Sorry, I'm not eatin' no worms! lol


----------



## Guest (Jun 25, 2008)

football mom said:


> Sorry, I'm not eatin' no worms! lol


Well there's insects in chocolate and feces in fast food burgers... Not kidding...

~Ed


----------



## football mom (Feb 19, 2006)

Just don't tell me there's worms in whatever it is. 
Does anyone remember the movie "Soylent Green"?


----------



## dogofwar (Apr 5, 2004)

I feed earthworm, actually "red" worms which are a little smaller and more heat tolerant, to my cichlids and other fish that are large enough to eat them.

I get them from my local bait store, quickly rinse them, cut them into pieces (for smaller fish), and drop them into the tank...where they are devoured.

I feed them as a conditioning food for CA/SA cichlids a couple of times per week...and also to large haps (like venutus, livingstoni, etc.). They'll help females recover weight and strength much more quickly than other foods.
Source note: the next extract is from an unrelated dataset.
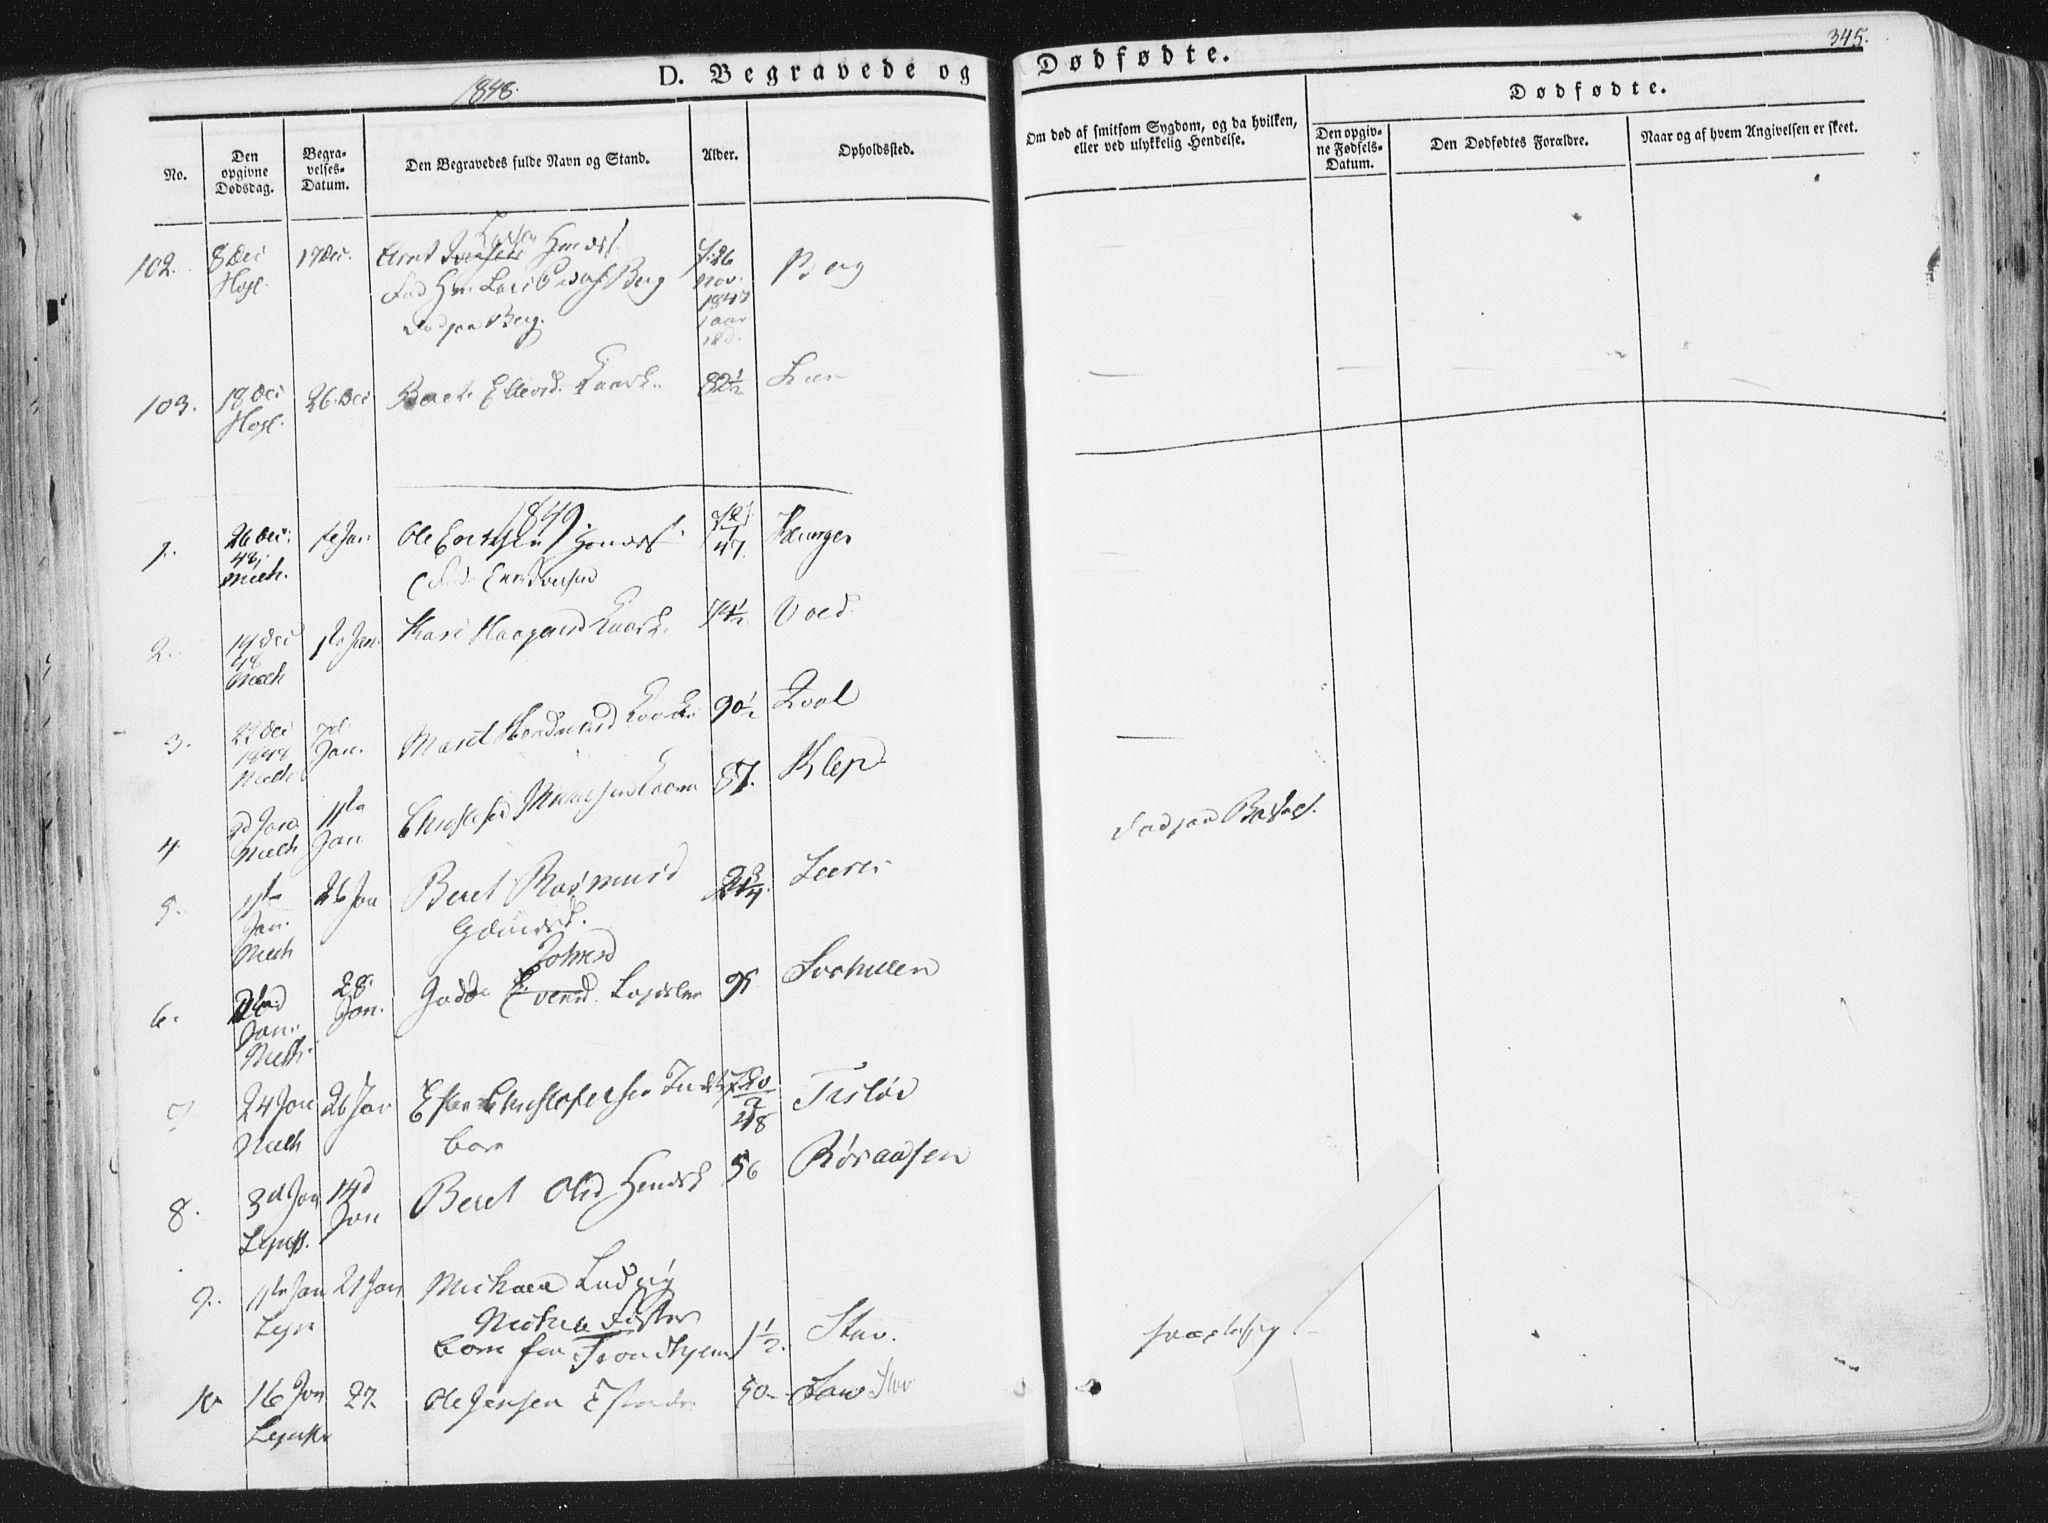 SAT, Ministerialprotokoller, klokkerbøker og fødselsregistre - Sør-Trøndelag, 691/L1074: Ministerialbok nr. 691A06, 1842-1852, s. 345

I'm also a fan of "superworms", which are beetle larvae...


----------



## Binner (Jul 20, 2007)

Thanks so much for the replys, I think I will feed them one or twice a week.


----------



## dogofwar (Apr 5, 2004)

If you're conditioning, then you can feed them more than that...


----------



## football mom (Feb 19, 2006)

Can you feed large carnivores mealworms?


----------



## BenHugs (Jan 13, 2007)

Thats great news to see how good worms are for fish (depending on species) because that's all my Elipsifer eel will eat.
A tip for anyone serving them as an aquarium treat I put them live into the freezer to kill them, then once frozen they can be easily broken up into the size you need.


----------



## Binner (Jul 20, 2007)

If you're conditioning, then you can feed them more than that...
Sorry I dont understand, what does that mean?


----------



## BenHugs (Jan 13, 2007)

I think when they say conditioning it's to get the fish into breeding mode??????


----------



## dogofwar (Apr 5, 2004)

Correct - getting them ready for breeding, showing, recovering from breeding, etc.

Large carnivores will go nuts for earthworms (or superworms).

Some people feed superworms flake food to gut load them prior to feeding.

Great tip on freezing worms. I hate tearing live ones apart


----------



## lloyd (Aug 24, 2005)

dogofwar said:


> Great tip on freezing worms. I hate tearing live ones apart


 i'll try freezing them. sounds like a better option than 'tearing'  . or use a razor, if the fish you are feeding can't eat the whole thing, but still prefer some action.


----------